Breaking Glass Pictures: Q&A

(Above: ‘Kanarie.’ Source: Breaking Glass Pictures)

Breaking Glass Pictures is a Philadelphia-based distributor of indie and art-house titles, selected from film festivals around the world.

Rich Wolff
Rich Wolff

The company’s films can be found on Netflix, Vudu, iTunes, Amazon and other streaming services.

The Savvy Screener recently spoke with Breaking Glass Pictures Co-Founder and CEO Rich Wolff about the company’s evolution and plans for the future.

TSS: Why, how and when did BPG get started? Where is BGP based? 

Rich Wolff: Breaking Glass Pictures released its first film on November 17, 2009. The company is based in Old City Philadelphia. 

TSS: How has BGP’s business evolved since in the 10 years since your launch? 

Wolff: That’s a good question – DVD sales have decreased in the industry. However, our own physical goods sales remain healthy. Digital continues to grow nicely, but film is becoming more of a commodity which ultimately hurts filmmakers – getting 5,000 films to watch for $10 month decreases the perceived value of a film. Breaking Glass and others have to work harder to maintain current revenue levels.   

TSS: What makes BGP different from other independent film distributors? 

Wolff: We make ourselves available to our filmmakers – work collaboratively – do our best. There are a lot of good companies out there, and we do our best to stand out.

TSS: What is the breakdown between streaming rentals and streaming sales/downloads? 

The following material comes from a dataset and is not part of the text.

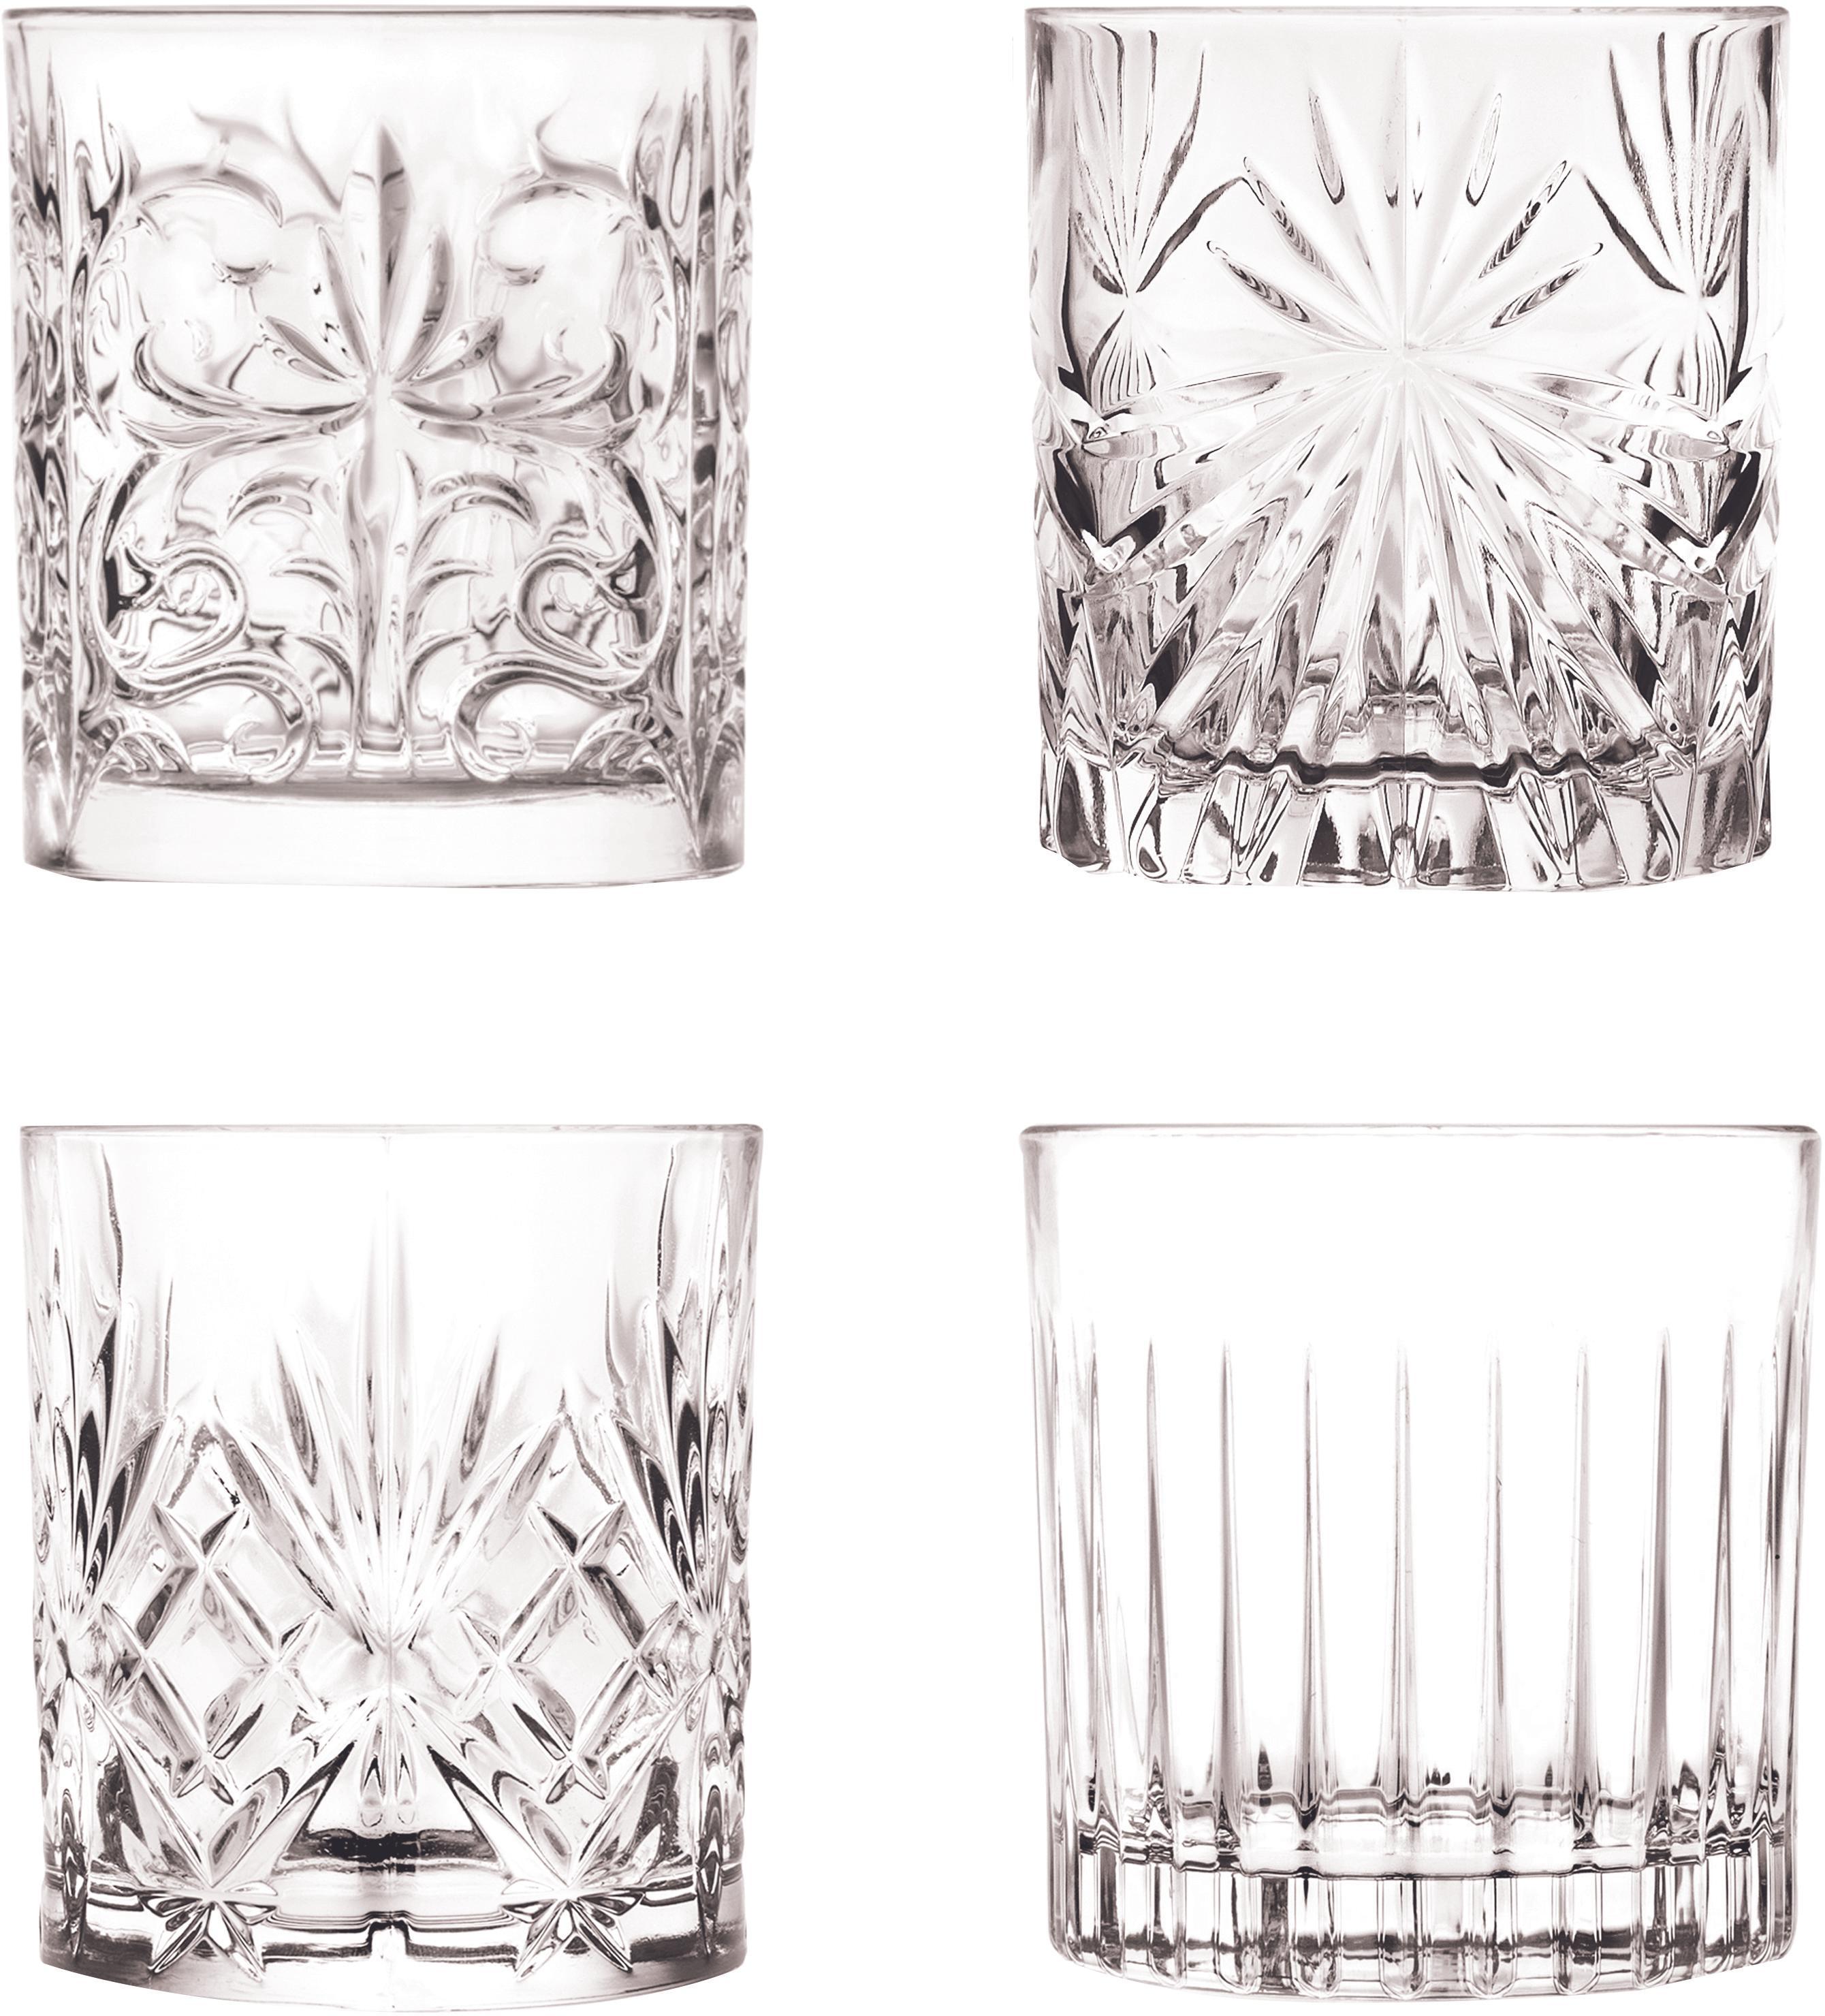 Vasos old fashioned de cristal Bichiera, 4uds., Cristal, Transparente, Ø 8 x Al 9 cm

Wolff: Streaming rentals are much more prevalent, about 80%, and download to own is about 20%. 

TSS: Is straight-to-streaming more lucrative than straight-to-home video (i.e., DVDs, Blu-ray)? 

Wolff: It depends on the title. A lot of factors contribute to the lucrativeness of a film.

TSS: What specific genres does BGP specialize in? Any upcoming titles you can tell us about? 

Wolff: LGBT and foreign language to name a couple. We recently acquired the beautiful, musical drama Kanarie (Canary) from South Africa, the festival favorite Is That You? (Eres Tu Papa?) from Cuba, and a few other films we’ll be announcing shortly. 

TSS: What are your biggest challenges right now? 

Wolff: Sifting through the titles from all the festivals and finding the right titles to add to our catalog. 

TSS: What’s next for BGP? 

Wolff: We have a 10-city release for She’s Just a Shadow, an amazing gangster thriller film shot in Japan, but mostly in English. It’s pretty extreme: sex, drugs, gangsters and a serial killer thrown in for good measure. Adam Sherman directed and wrote the film – he also produced the last two Larry Clark films – Marfa Girl 1 and 2.